» DATA BLOCK:
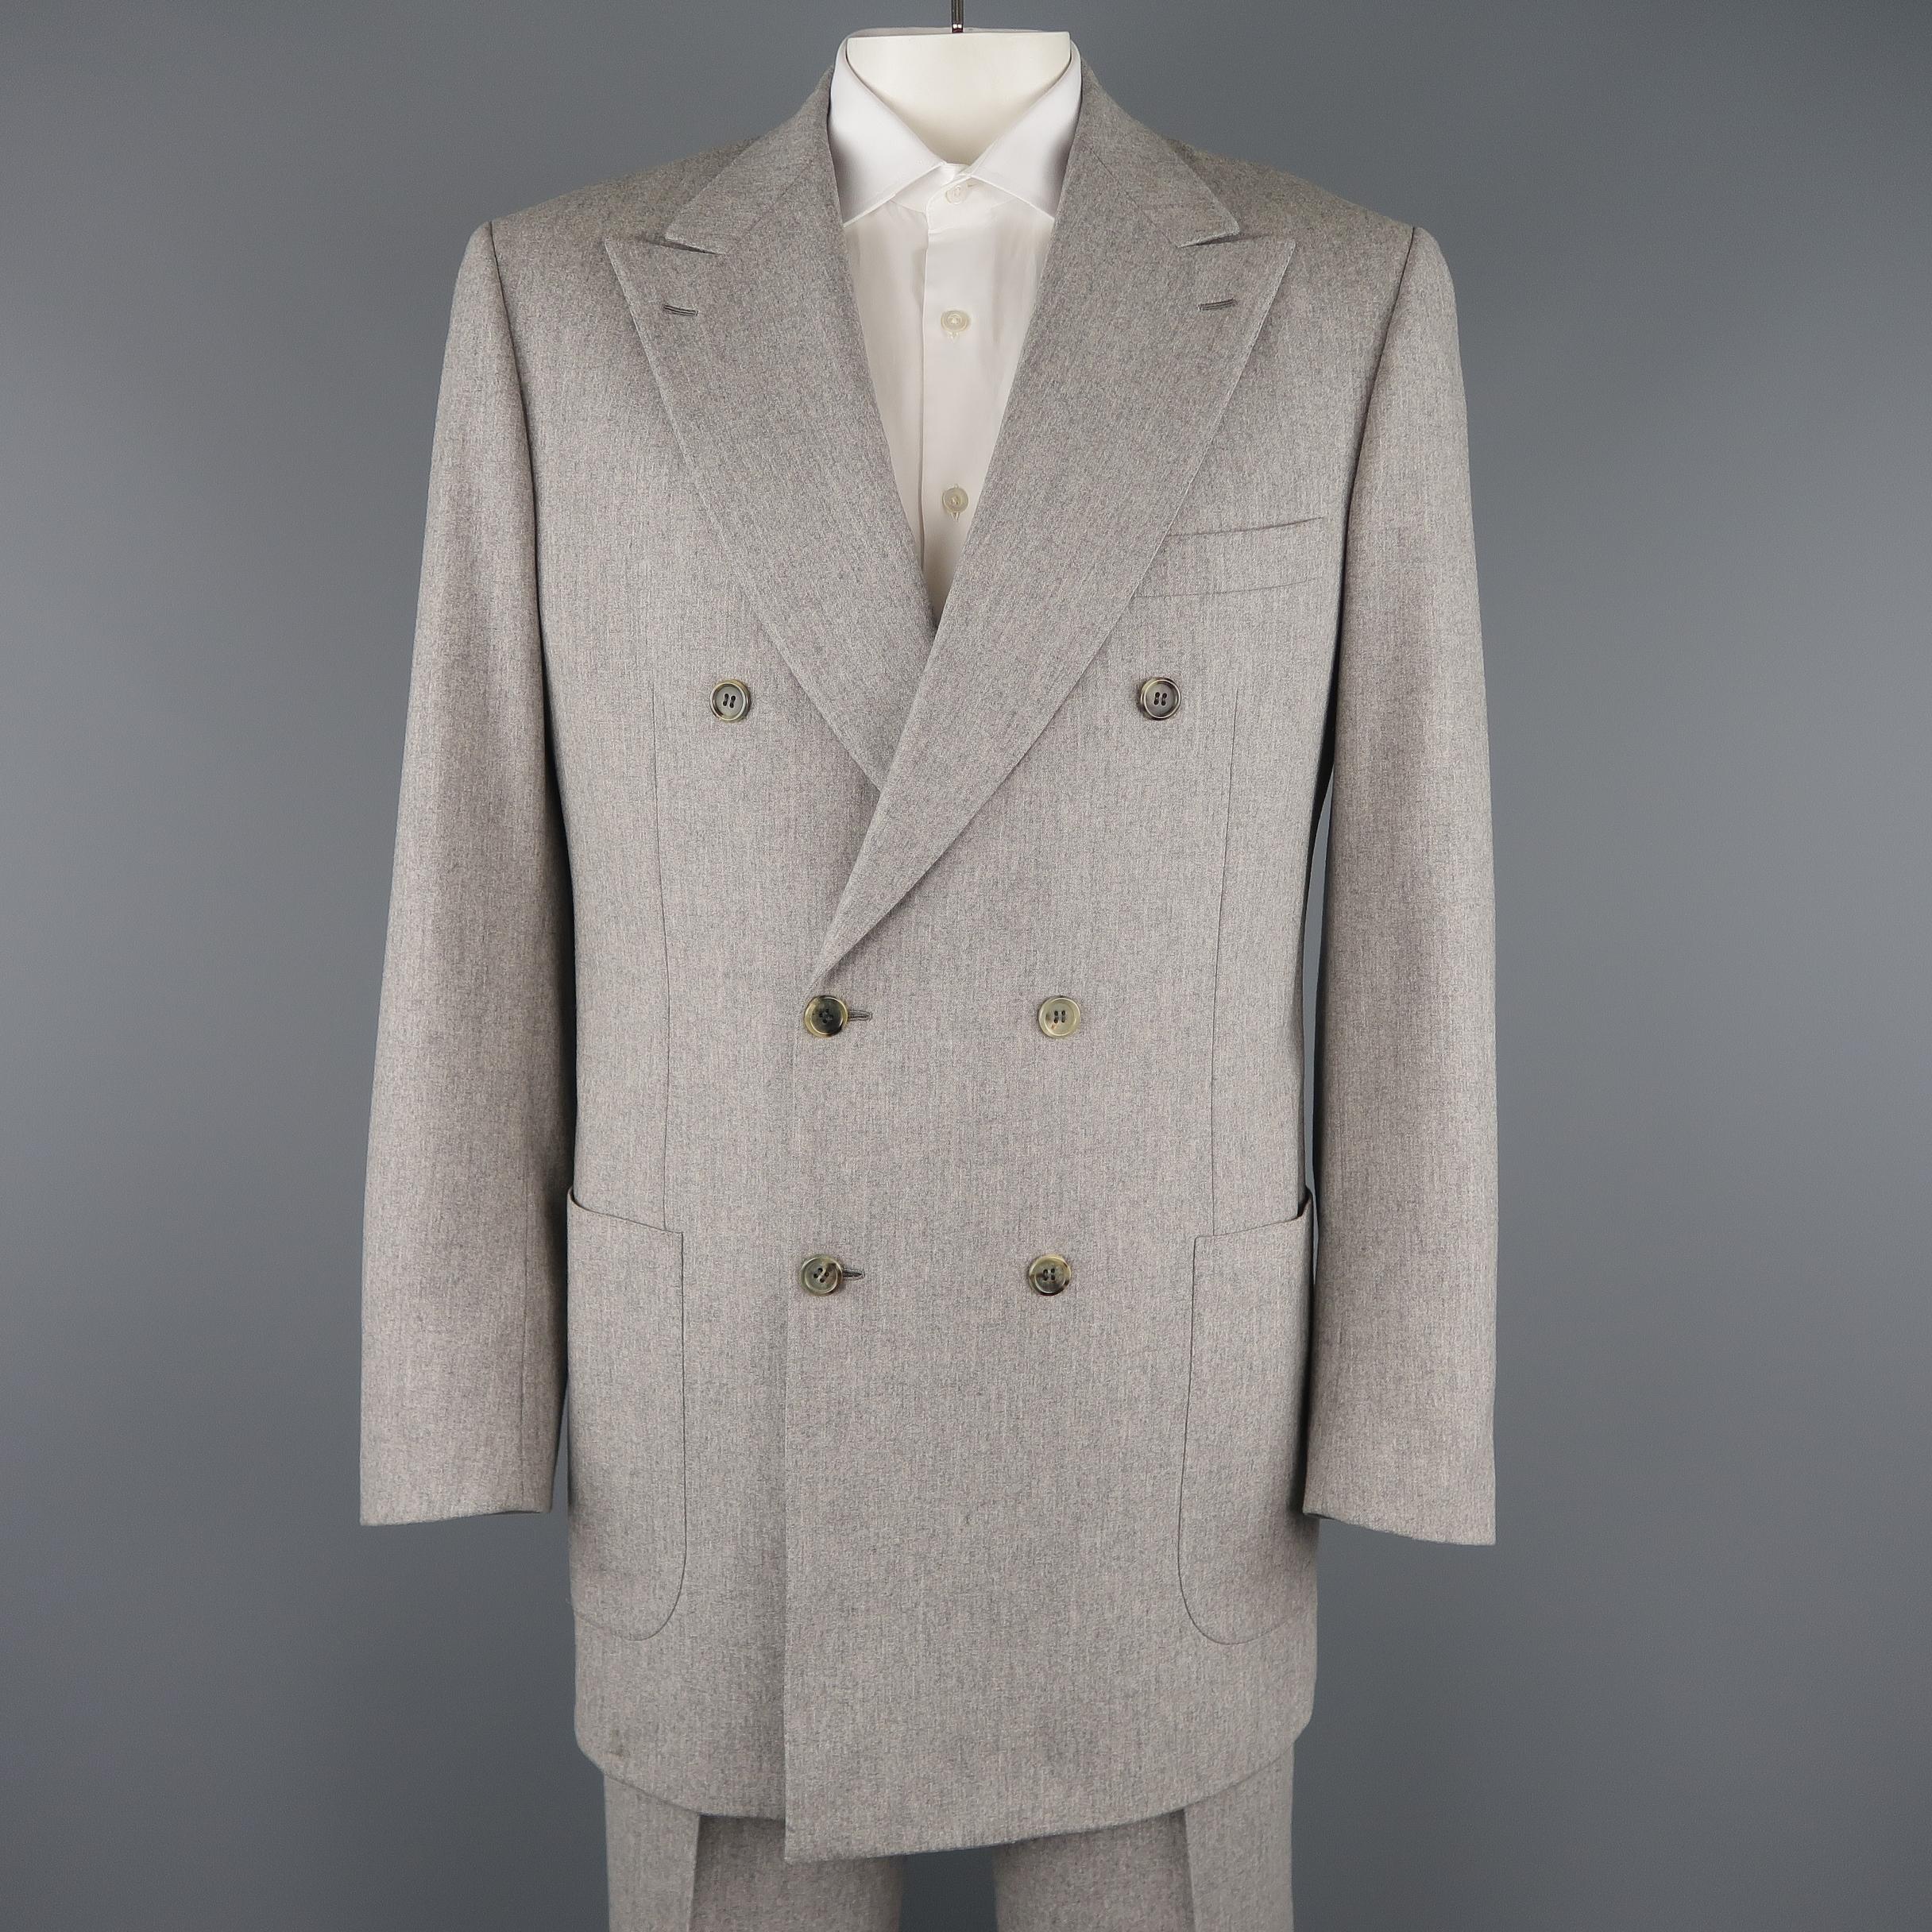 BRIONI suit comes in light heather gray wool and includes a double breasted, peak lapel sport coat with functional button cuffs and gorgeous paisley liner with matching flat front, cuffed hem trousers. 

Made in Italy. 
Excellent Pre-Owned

» WHAT YOU SHOULD DO:
I'd like the material duplicated exactly, without its pictures.

» SOLVED EXERCISE:
 BRIONI suit comes in light heather gray wool and includes a double breasted, peak lapel sport coat with functional button cuffs and gorgeous paisley liner with matching flat front, cuffed hem trousers. 

Made in Italy. 
Excellent Pre-Owned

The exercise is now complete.